Leveraging Large Language Models for Command Injection Vulnerability Analysis in Python: An Empirical Study on Popular Open-Source Projects
Yuxuan Wang, Jingshu Chen, Qingyang Wang
TL;DR
This paper investigates the use of large language models (LLMs) to detect command injection vulnerabilities and generate security tests in Python across six popular open-source projects. By analyzing 13,037 Python files and 190 candidate functions, the study benchmarks GPT-4, GPT-4o, Claude 3.5 Sonnet, and DeepSeek-R1 against Bandit, revealing that GPT-4 achieves the highest vulnerability-detection accuracy (75.5%) and a strong recall (81.7%), while DeepSeek-R1 excels at test generation. The work highlights both strengths and limitations of LLM-based analysis, notably misses on certain subprocess patterns and the practicalities of runnable test generation, suggesting a complementary role for LLMs alongside traditional tools. A publicly released dataset from six projects provides a benchmark for future research, and the findings motivate hybrid approaches that combine LLMs with static analysis to improve coverage and reliability in software security testing.
Abstract
Command injection vulnerabilities are a significant security threat in dynamic languages like Python, particularly in widely used open-source projects where security issues can have extensive impact. With the proven effectiveness of Large Language Models(LLMs) in code-related tasks, such as testing, researchers have explored their potential for vulnerabilities analysis. This study evaluates the potential of large language models (LLMs), such as GPT-4, as an alternative approach for automated testing for vulnerability detection.
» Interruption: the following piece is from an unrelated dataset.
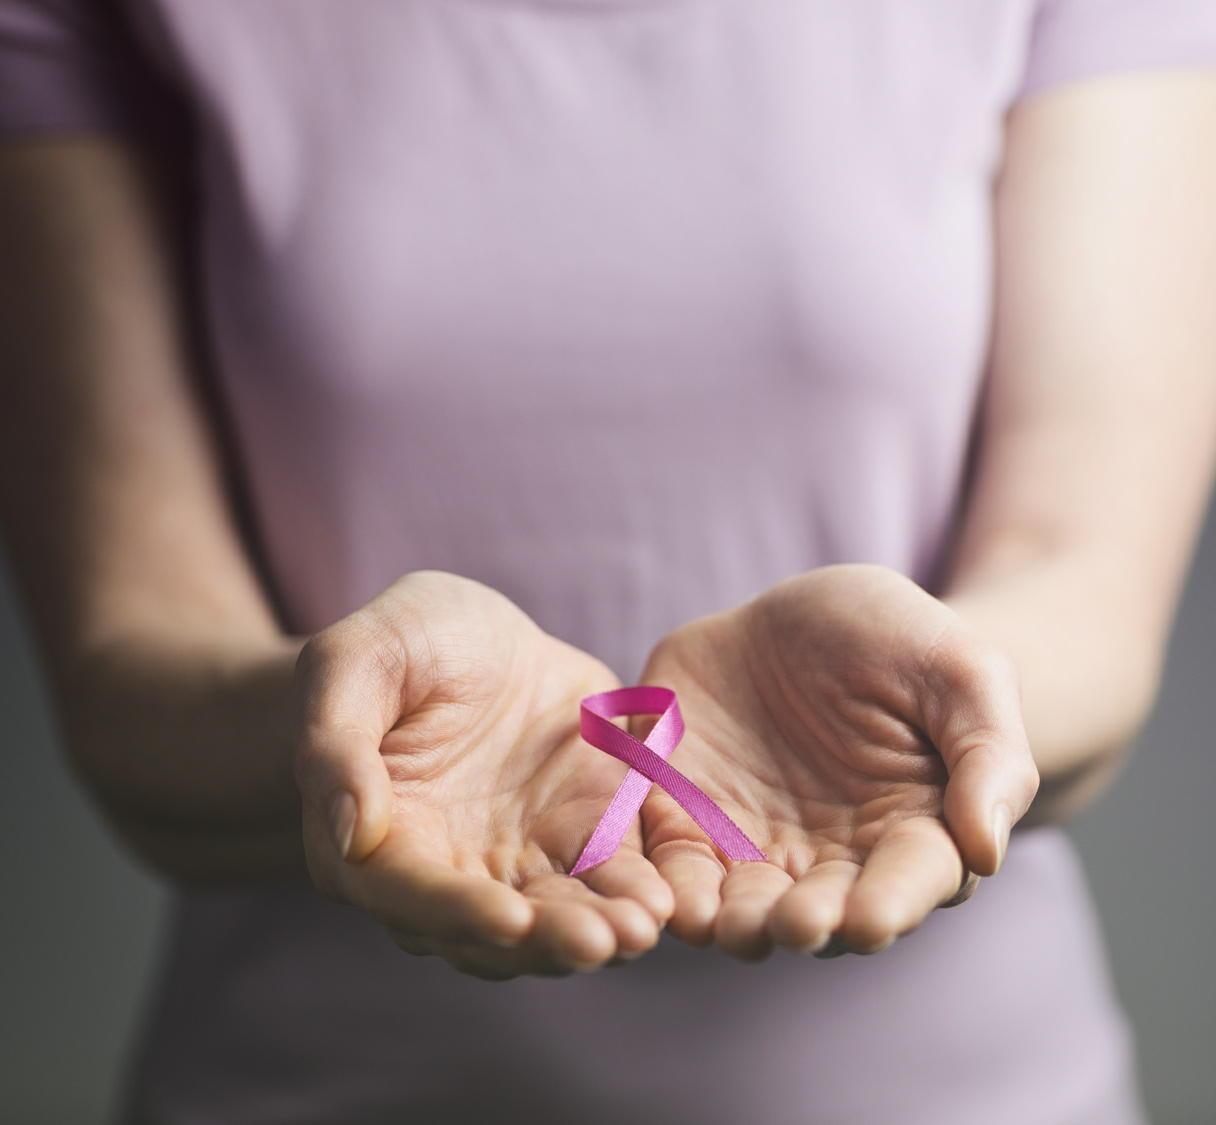 乳がん手術の革新的な診断技術を開発 迅速・簡易な検査で「乳がんの取り残しなし」
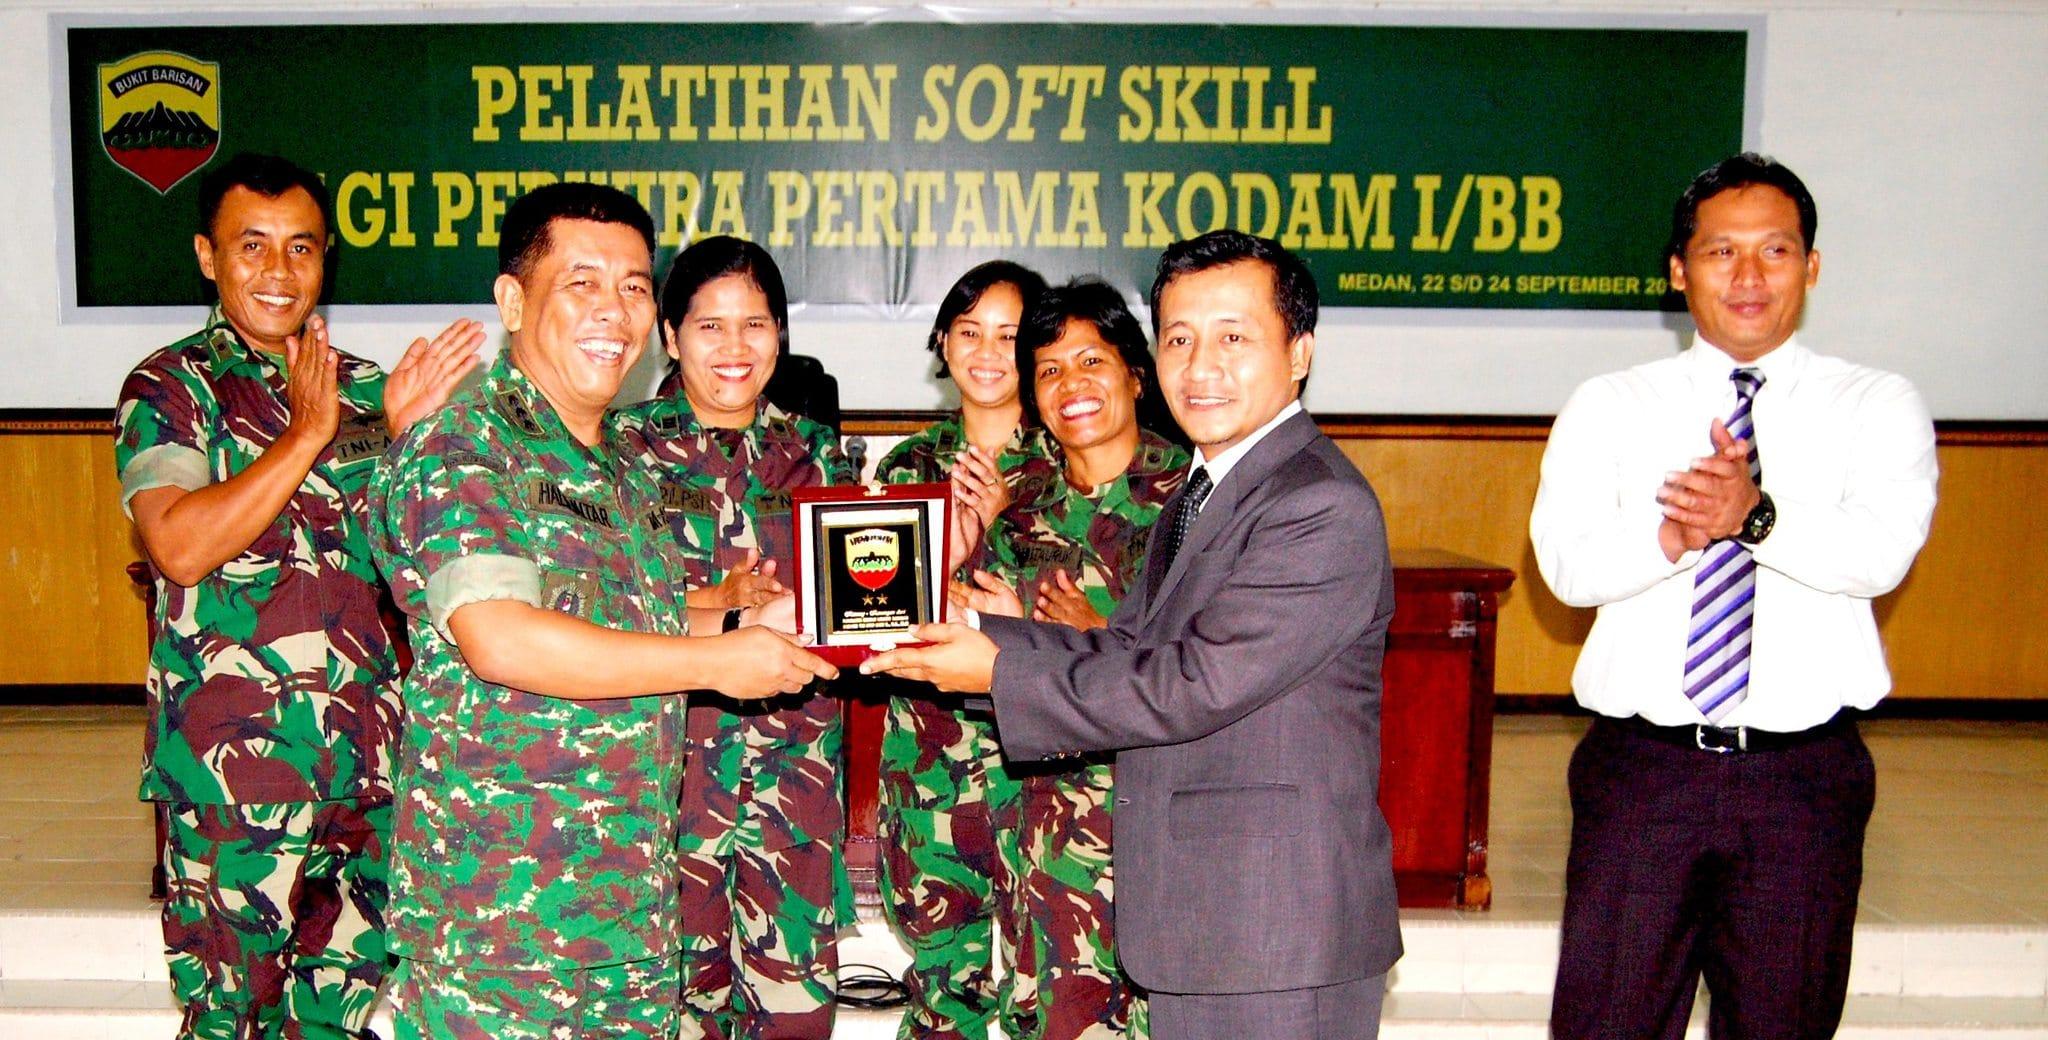 Peranan Soft Skill Dalam Meraih Sukses

In particular, LLMs have demonstrated advanced contextual understanding and adaptability, making them promising candidates for identifying nuanced security vulnerabilities within code. To evaluate this potential, we applied LLM-based analysis to six high-profile GitHub projects-Django, Flask, TensorFlow, Scikit-learn, PyTorch, and Langchain-each with over 50,000 stars and extensive adoption across software development and academic research. Our analysis assesses both the strengths and limitations of LLMs in detecting command injection vulnerabilities, evaluating factors such as detection accuracy, efficiency, and practical integration into development workflows. In addition, we provide a comparative analysis of different LLM tools to identify those most suitable for security applications. Our findings offer guidance for developers and security researchers on leveraging LLMs as innovative and automated approaches to enhance software security.